◆ **What you are asked to do**
Return each record unchanged and drop the images.

***** Study material

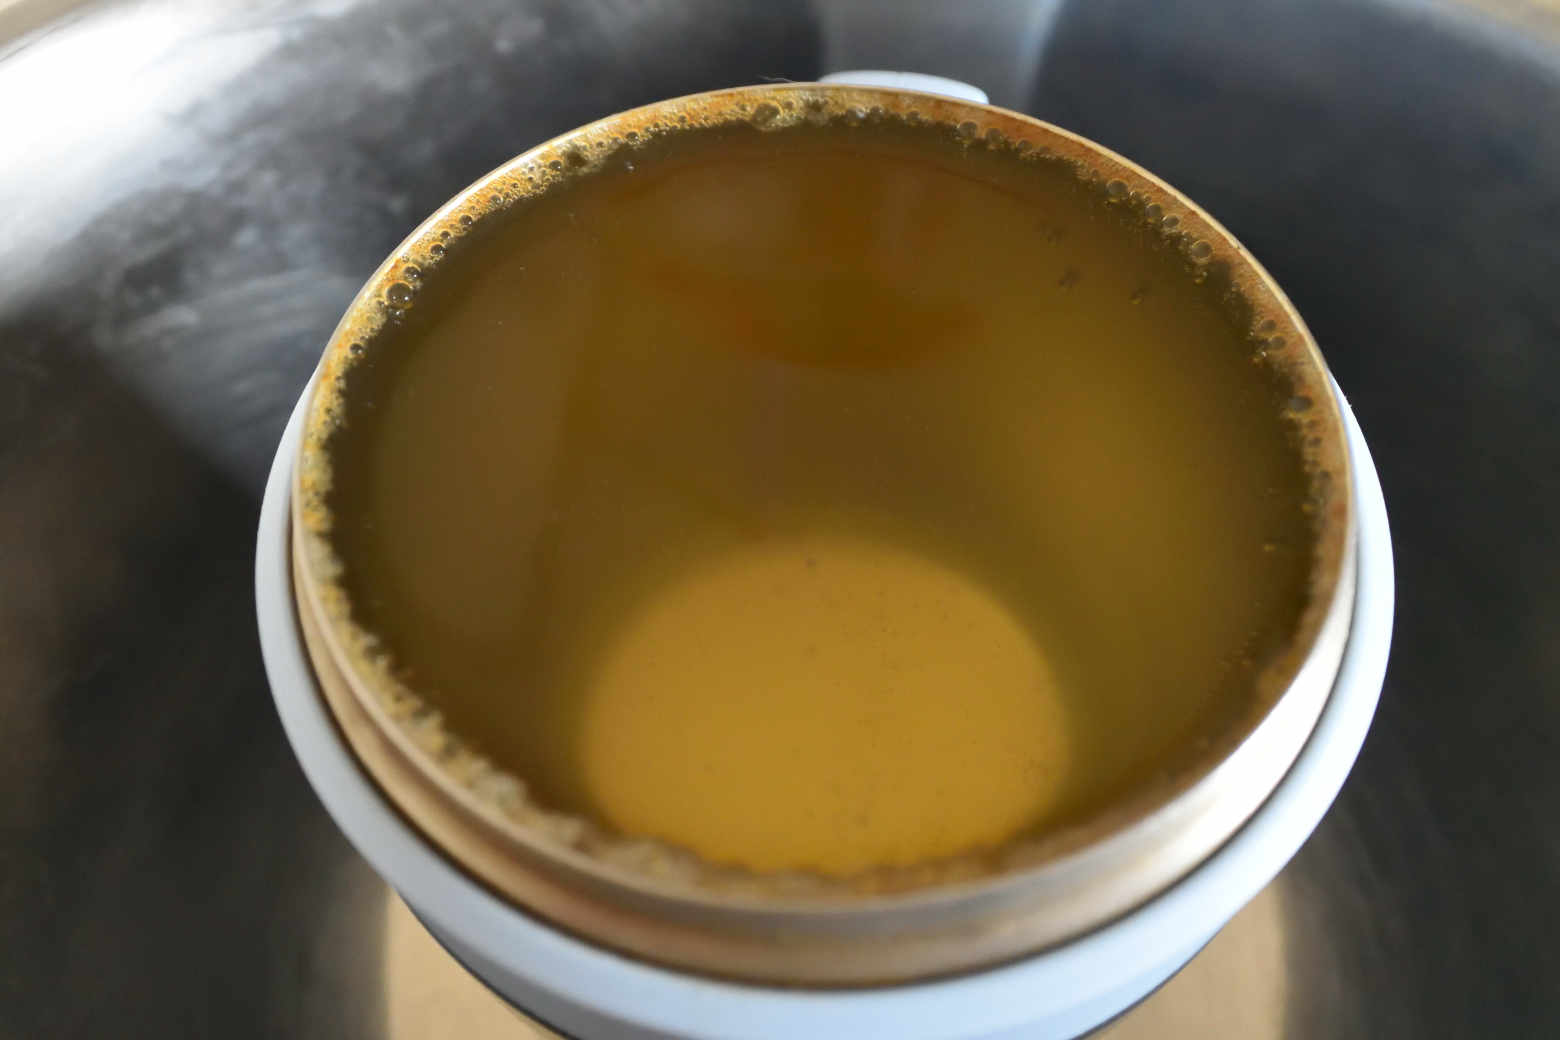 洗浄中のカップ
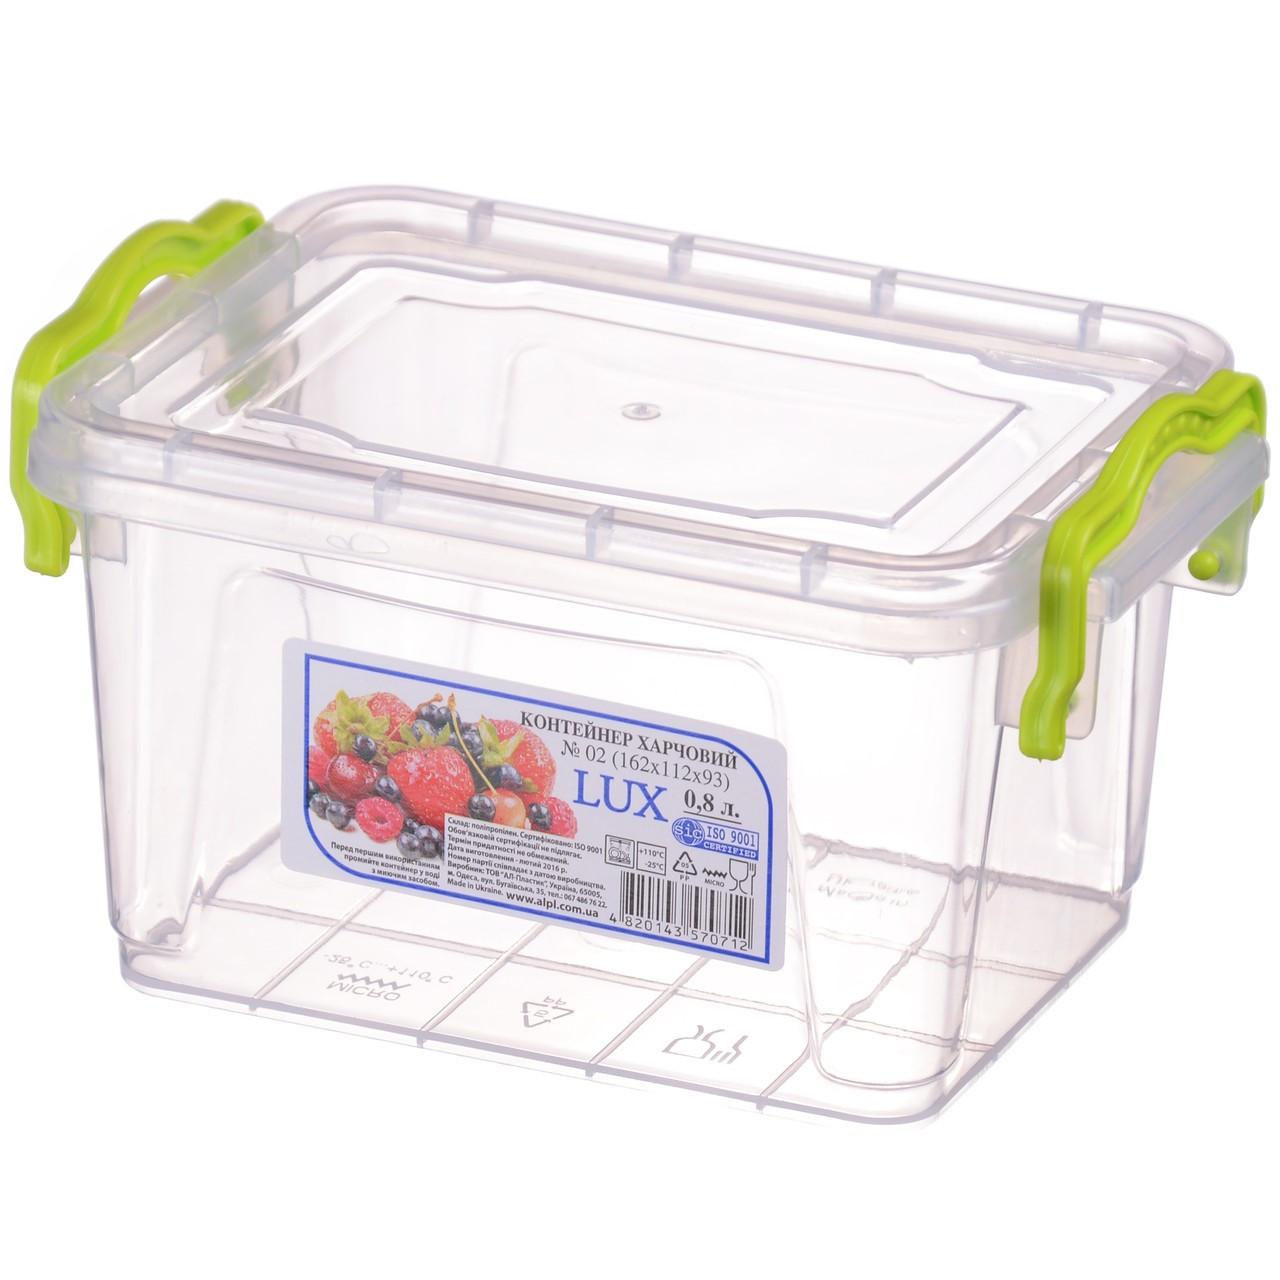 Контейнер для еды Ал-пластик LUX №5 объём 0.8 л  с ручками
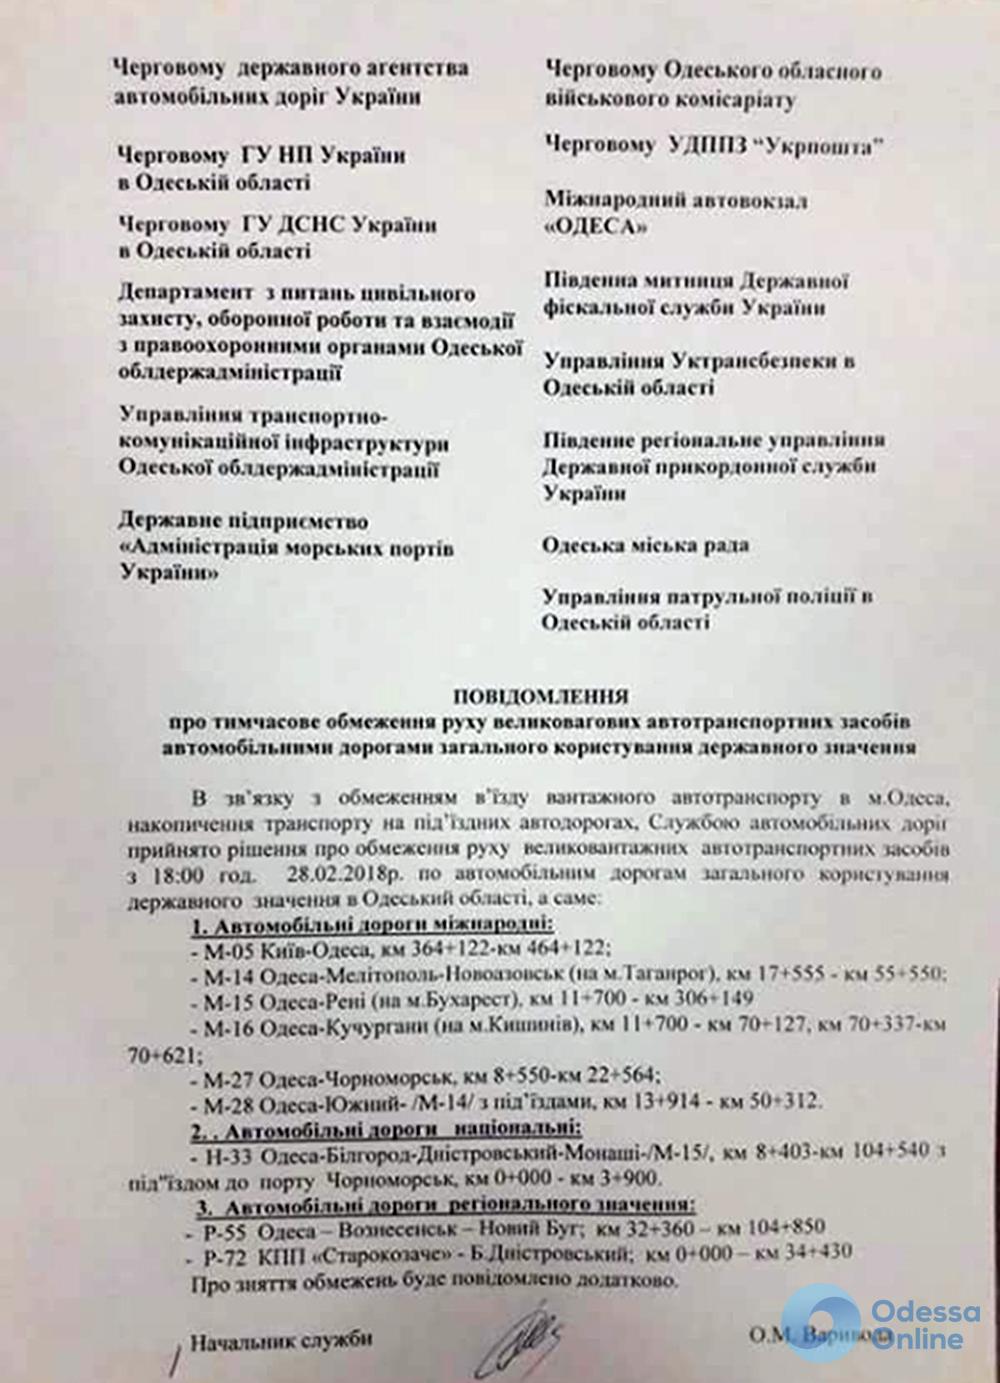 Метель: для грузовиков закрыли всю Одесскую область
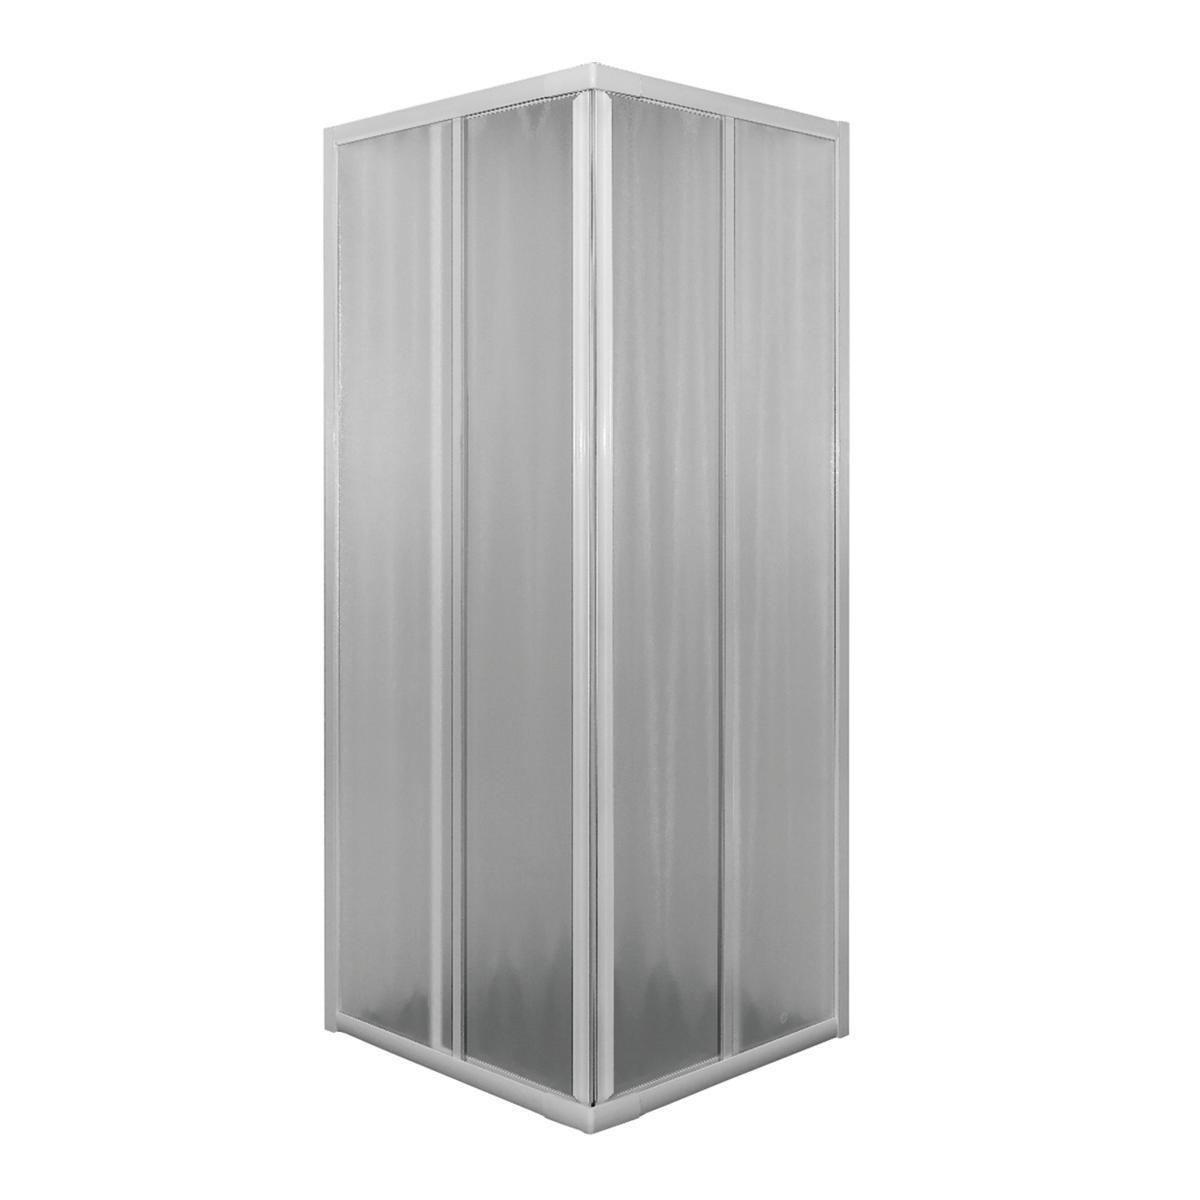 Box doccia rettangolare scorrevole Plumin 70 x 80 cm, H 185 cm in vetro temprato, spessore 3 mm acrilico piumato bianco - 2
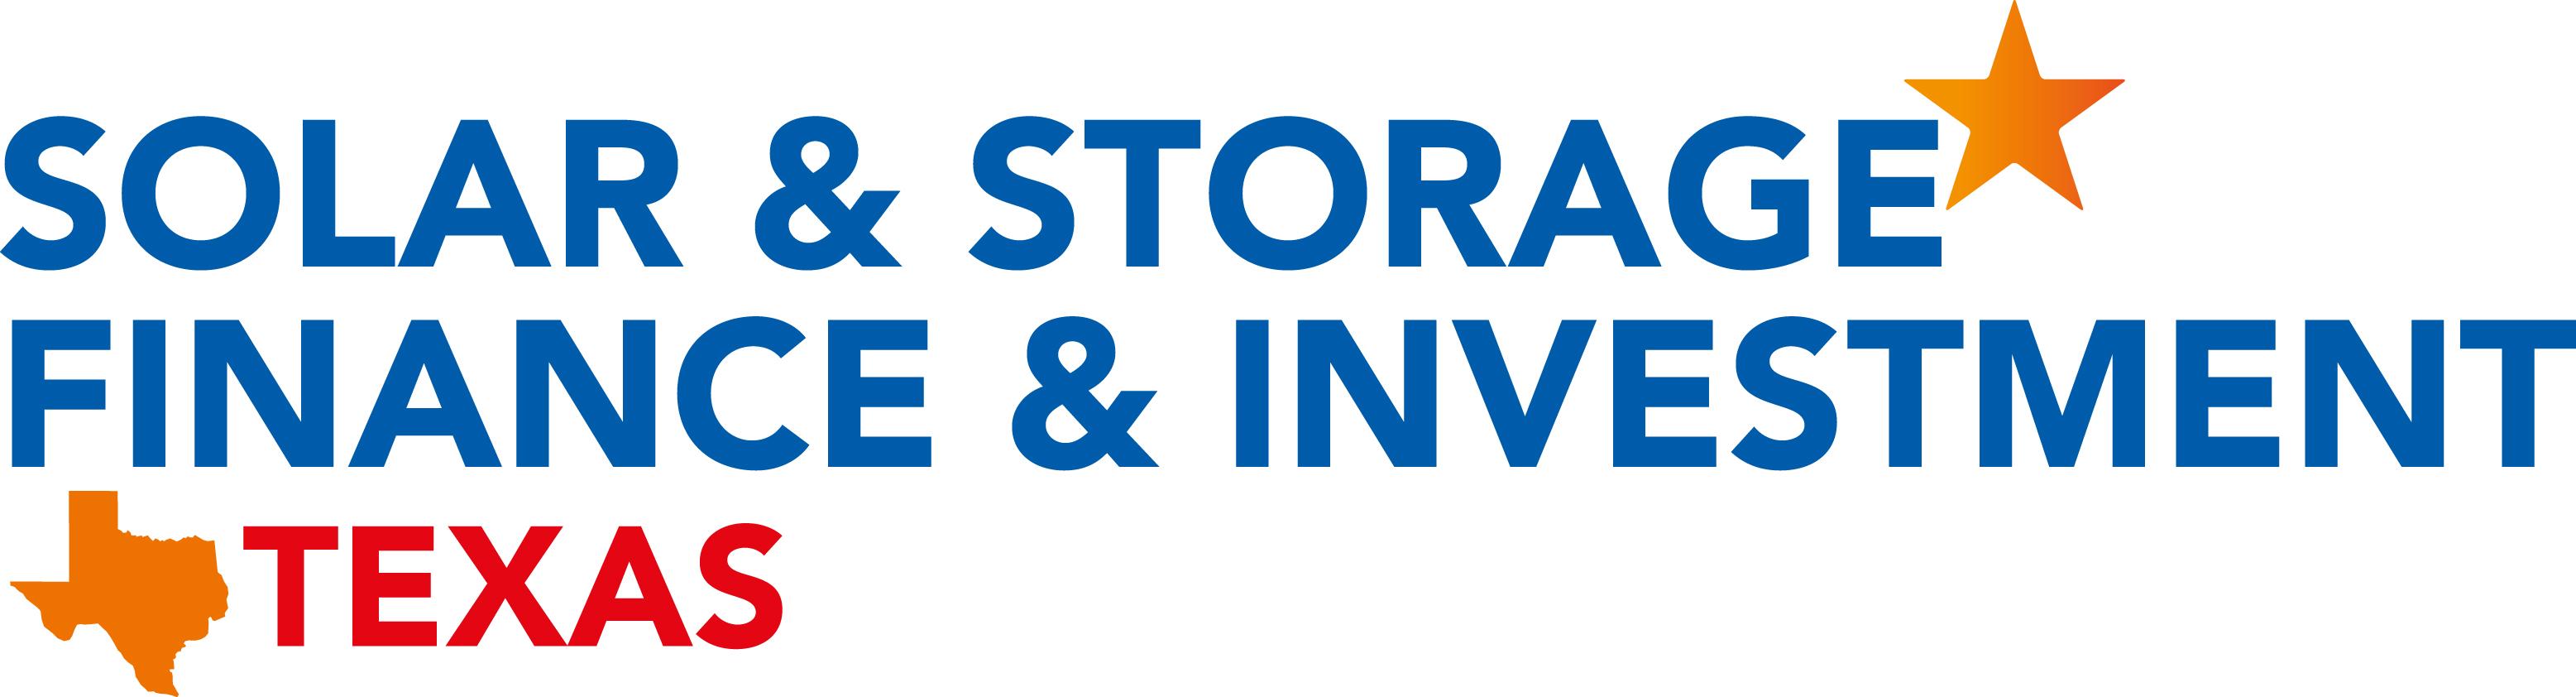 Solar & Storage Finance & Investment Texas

**********

◆ **Output for this task**
 洗浄中のカップ
 Контейнер для еды Ал-пластик LUX №5 объём 0.8 л  с ручками
 Метель: для грузовиков закрыли всю Одесскую область
 Box doccia rettangolare scorrevole Plumin 70 x 80 cm, H 185 cm in vetro temprato, spessore 3 mm acrilico piumato bianco - 2
 Solar & Storage Finance & Investment Texas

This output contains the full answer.